Being a social enterprise – what & why?

It’s been a few months since NatureSpy officially became a social enterprise and a great time to regroup and look ahead to the future.

Why a social enterprise?

Camera trapping

A camera trap workshop with the Mammal Society

We wanted NatureSpy to become a social enterprise and be one of the many fantastic UK businesses that care about the environment and the people within it.

A social enterprise aims to tackle social and/or environmental problems through its business; whether that’s by selling fair trade chocolate that benefits cocoa growing farmers, getting people active and interested in their community via different outlets such as sport, music or drama or helping under-represented and under-privileged adults and children learn new skills and socialise.

To do this a social enterprise must;

Have clear social and/or environmental aims;
Be self-sufficient and self-governing;
Reinvest the majority of its profit back into achieving these aims.

Here at NatureSpy we are passionate about two things; (1) wildlife and its conservation and research and; (2) helping people to understand and appreciate the nature around them.

And to that end we have two main aims set out in our governing documents:

To engage a variety of social groups and communities in their local green spaces and the wildlife they share them with, encouraging involvement, protection and respect.
To research and conserve wildlife and habitats through study and monitoring.

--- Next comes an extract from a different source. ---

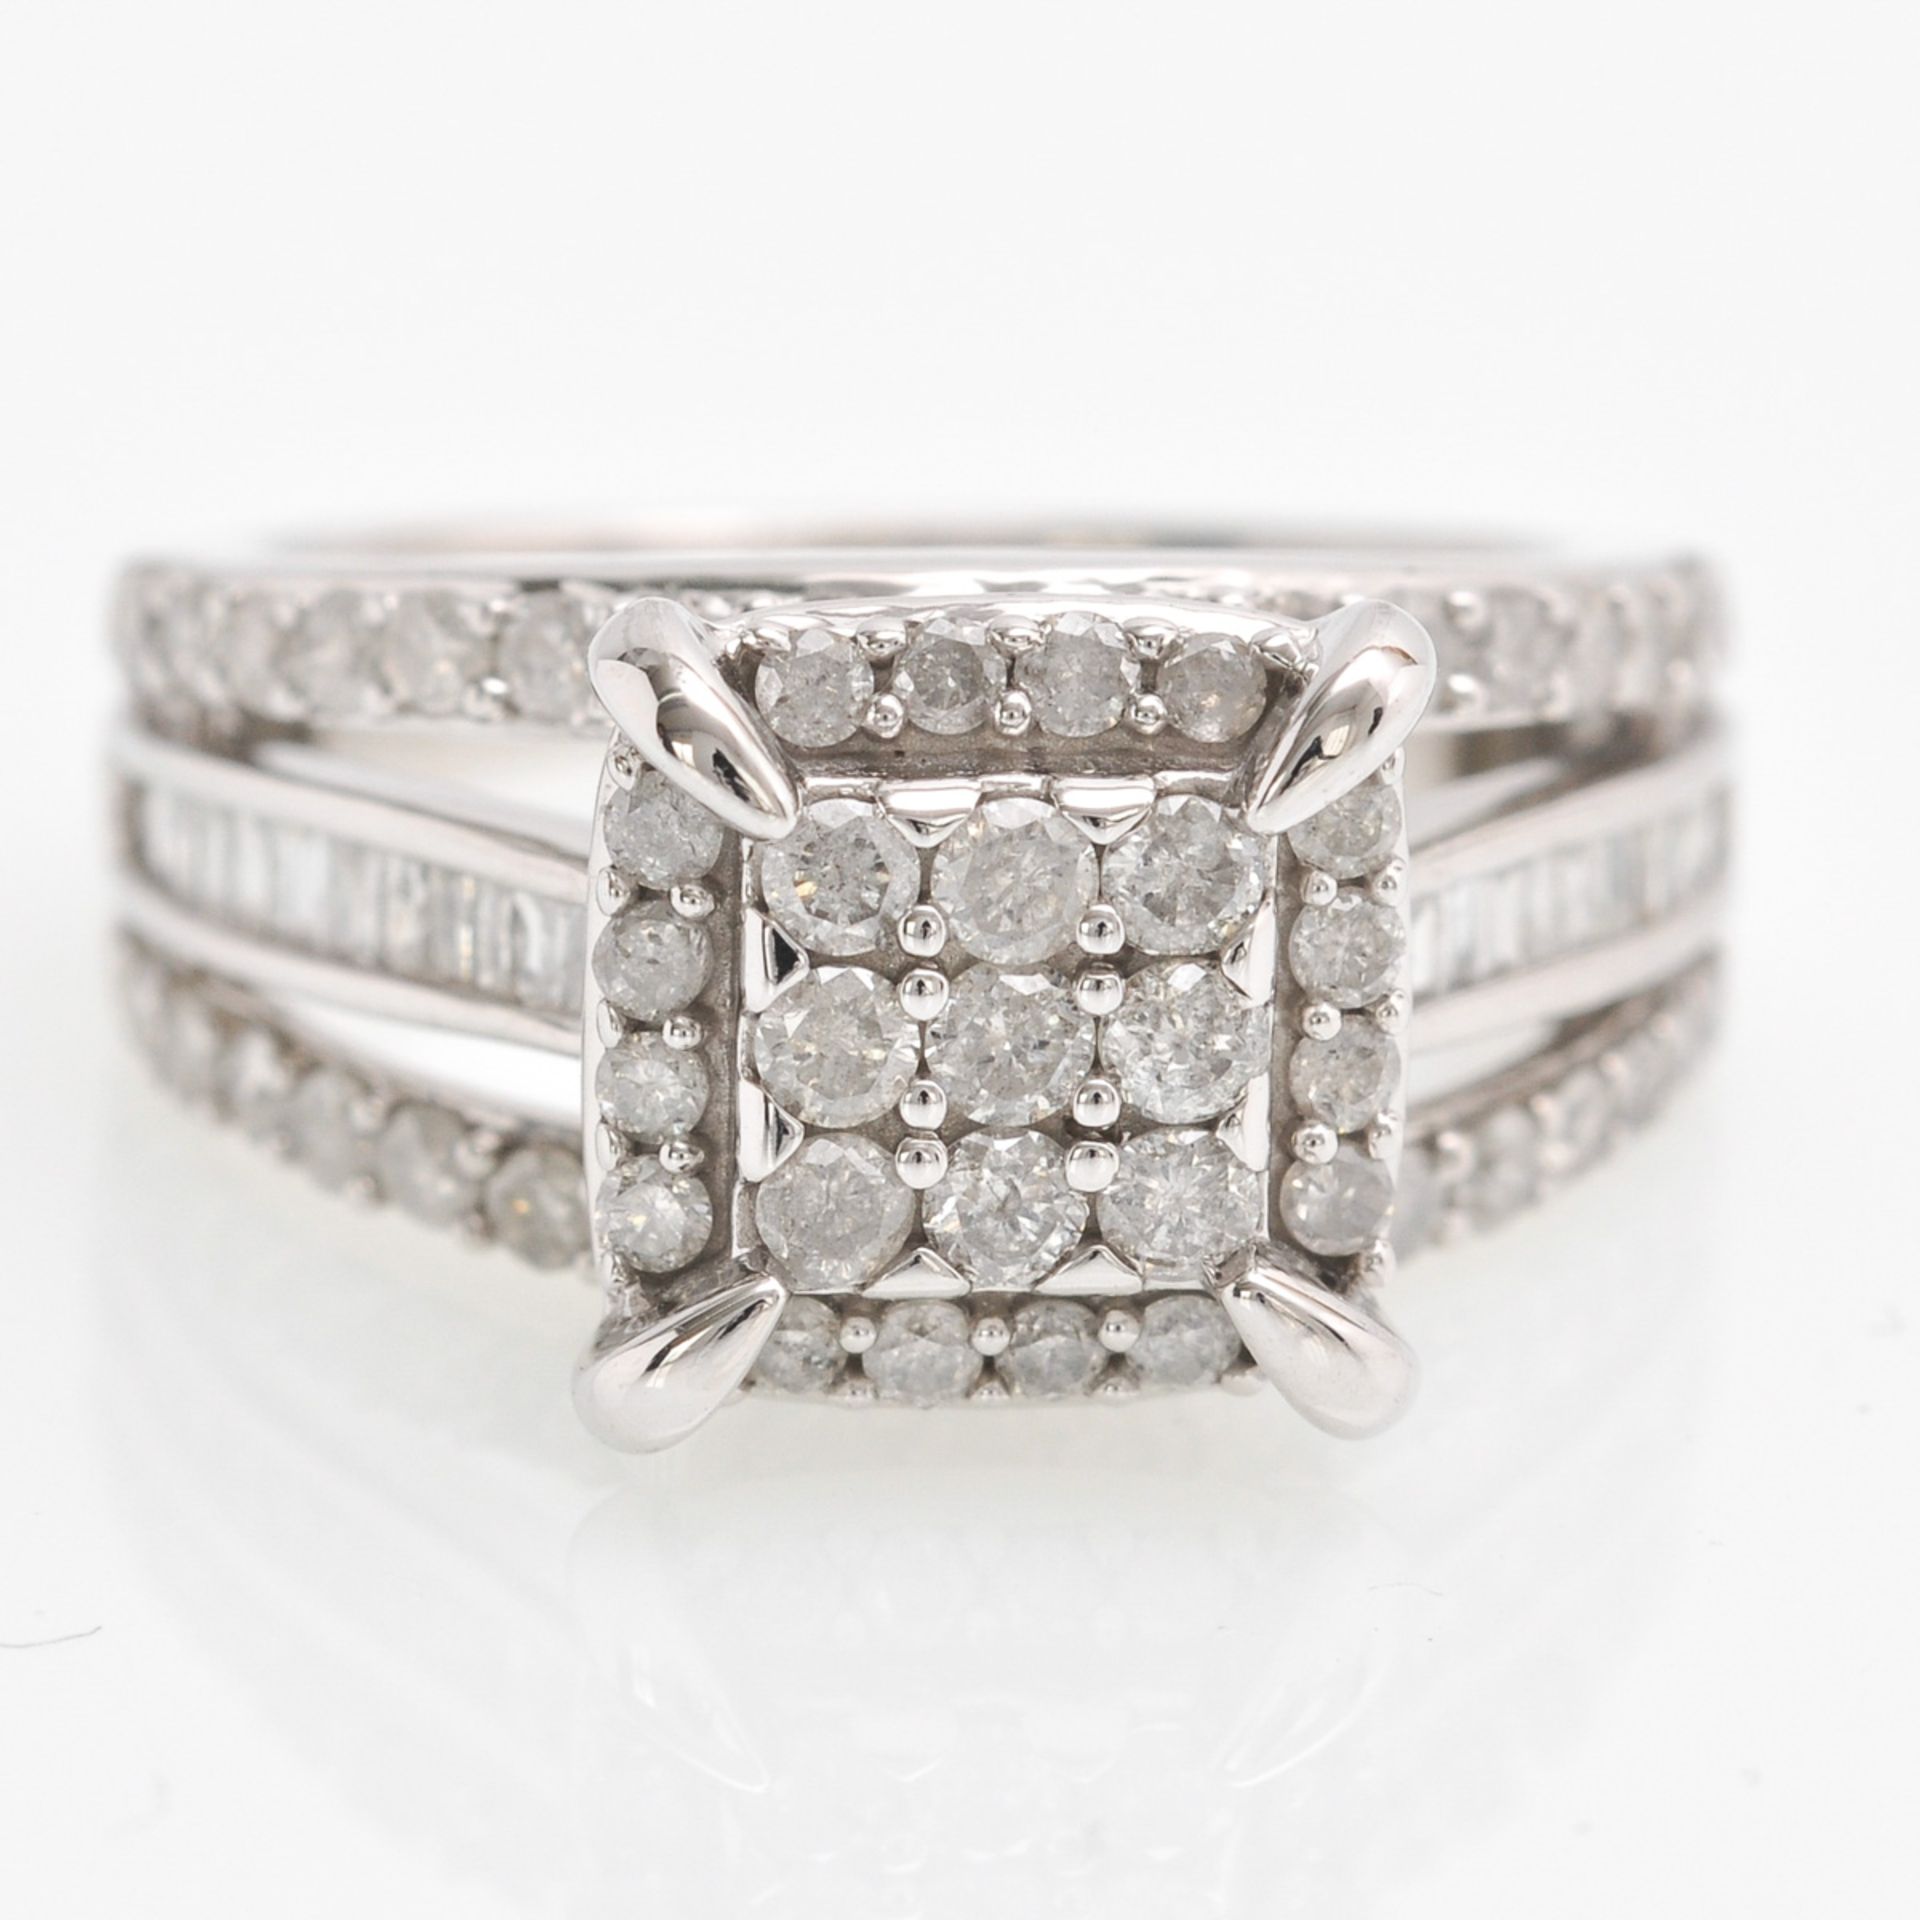 A 10KWG Ladies Diamond Ring Approximately 1.23 CTW

But why is this important?

Badger captured on camera trap

A badger deep in the forest…

Firstly; much of our native fauna needs to be conserved, more appropriately managed and better understood.

Secondly, as outlined in a previous post ‘Why is wildlife and biodiversity so important?’ – Wildlife and people are inextricably linked; what’s good for wildlife is good for people.

Nature provides us with invaluable ecosystem support as well as being proven to alleviate some of the stresses and strains that are associated with mental and physical illness.

Helping people to appreciate and understand their local green spaces and the wildlife they share them with will not only benefit our furry, feathered and scaled friends but also people themselves.

Here in the UK we have 101 mammals, 15 national parks and a bounty of country parks, green spaces and allotments; plenty of reasons to get outside!

From huge social enterprises such as the Eden Project to the smaller like NatureSpy, we hope to use this innovative social movement to encourage people to respect and use their natural environments for the better, whilst ensuring our wildlife continues to be fully valued and protected.